Bankers' Hours(7)

By: Wade Kelly


“Interesting. Usually you react right away.”

“I know.”

“Maybe it was because the smell came off a really hot guy?” Mel goaded.

“Stop. He’s probably straight anyway, so speculating over things that would unnerve me is unnecessary—good and bad smells included. I think he was just being nice because I’m the new guy.”

“Maybe. But you better promise to call me if he turns out to be gay. I want to know if this odd scent is particular to his hands or found on other parts of his body.”

I chuckled. “You’re so incorrigible.” Mel was a great friend, but I needed to change the subject. “So, how about you? Are things progressing with you and that girl you saw working at the chicken place?”

“Boston Market,” he corrected. “And nah, I’m still hesitant about saying hello, let alone anything else. What if she doesn’t accept me? I think I’ll wait.”

“Really? You’re not even going to take a chance? You could start with going there to eat every week and see if she notices.”

“Maybe, but you know I want to wait to date until my scars heal and I figure out my next step in the process. I want to feel more secure about myself before I face my fear of rejection, especially from a girl as pretty as Cindy.”

“Mel, you know I love you, but just like you pushed me toward independence, I need to push you a little toward dating.”

“I know. Just… can you keep your fingers crossed for me? I’ll try going in for lunch and see if she looks at me. Okay?”

I nodded, but then realized he couldn’t see me. “Yes, of course. I’m here for you.”

“Thanks. I’m here for you too. And if Mr. Carr, the auto mechanic, turns out to be gay, I’ll be here for advice on how not to screw it up. The next guy you go out with will be the one, I’m sure of it!”

“I hope so. My internal clock is ticking.”

“Grant, you’re twenty-six, not fifty-six. You’ll find the right guy to marry and settle down with. I promise.”

I sighed.

We said our good-byes, and I set my phone on the end table. I hoped Mel was right. I was tired of being alone. There had to be a guy out there who would tolerate my need to iron my boxers and group my shirts according to color. Other people had to despise it when their food touched on their plate, right? Or when restrooms only had air-drying machines instead of paper towels? I was not a freak. I was a somewhat nice-looking gay man cursed with an unusual personality that repelled men. I was special. I would find someone eventually who appreciated my quirks.

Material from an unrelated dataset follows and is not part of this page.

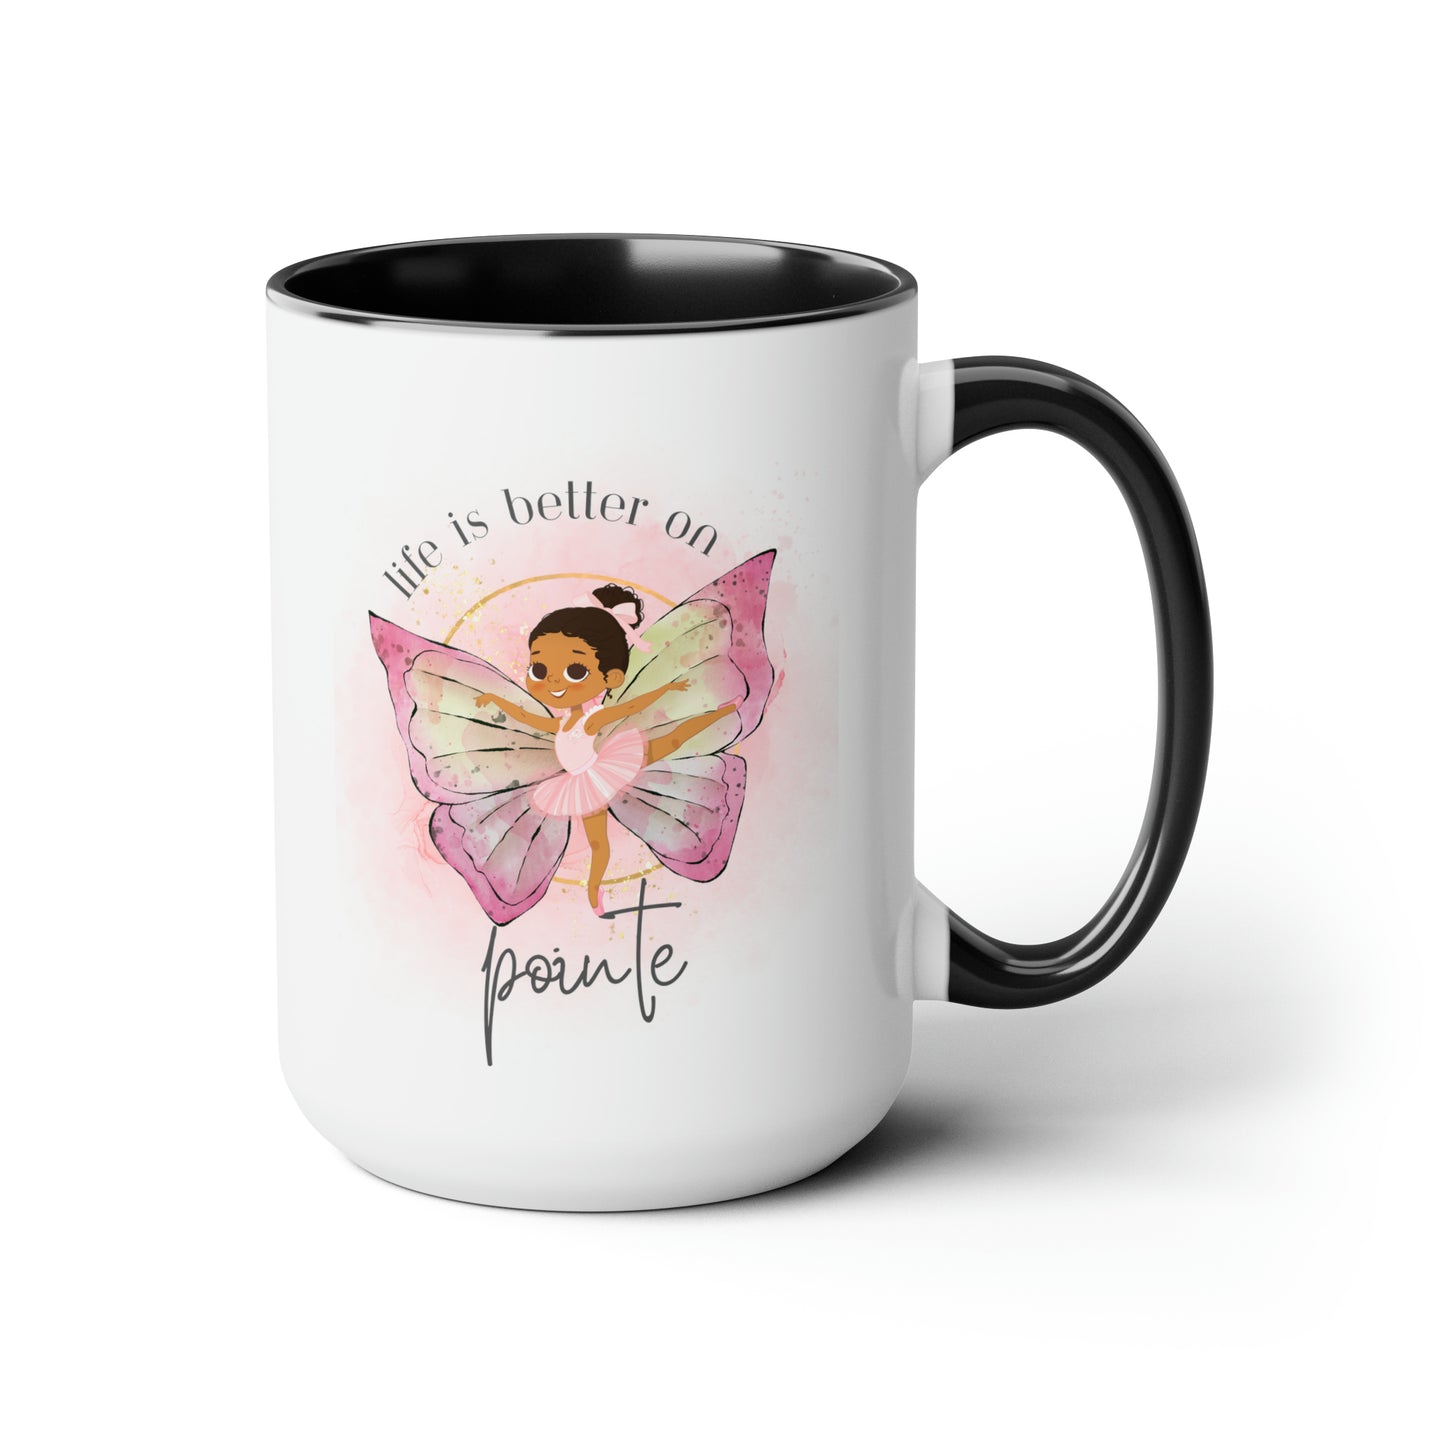 Two-Tone Coffee Mugs - Young Ballerina - Life is better on pointe
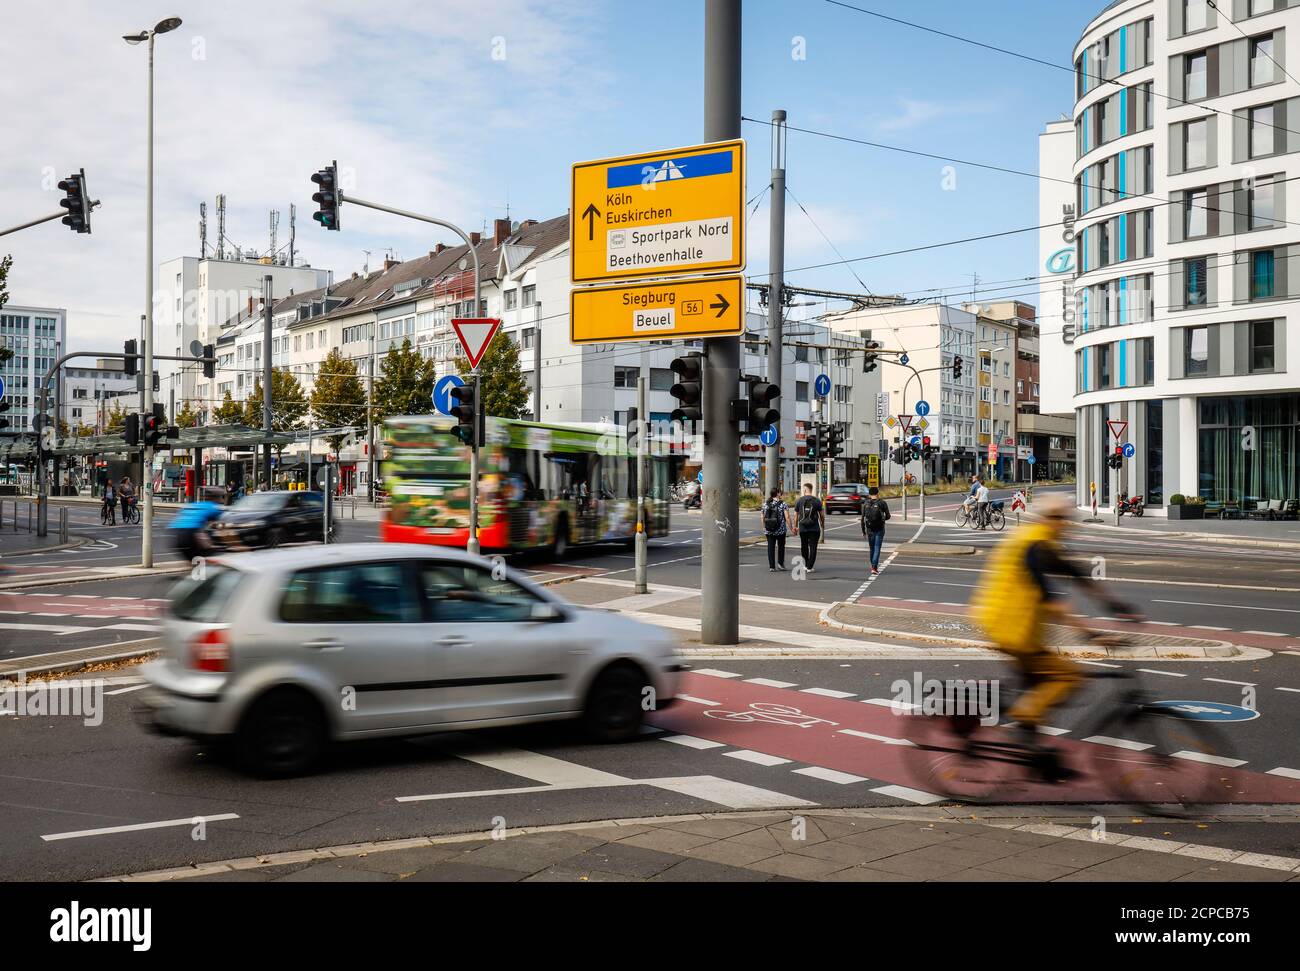 Bonn, North Rhine-Westphalia, Germany - crossroads with pedestrians, cyclists, cars and buses. Stock Photo

I went to bed thinking about what my second week of work would be like. This weekend I would do laundry and clean my three-room house. On Monday I could worry about the cougar woman Jessica had warned me about, and the auto mechanic who’d winked at me for no apparent reason. Because even if he was gay, he’d never want to take me to bed, so I was better off playing it cool and being his friend.

Friends. My mother had told me I needed to make some.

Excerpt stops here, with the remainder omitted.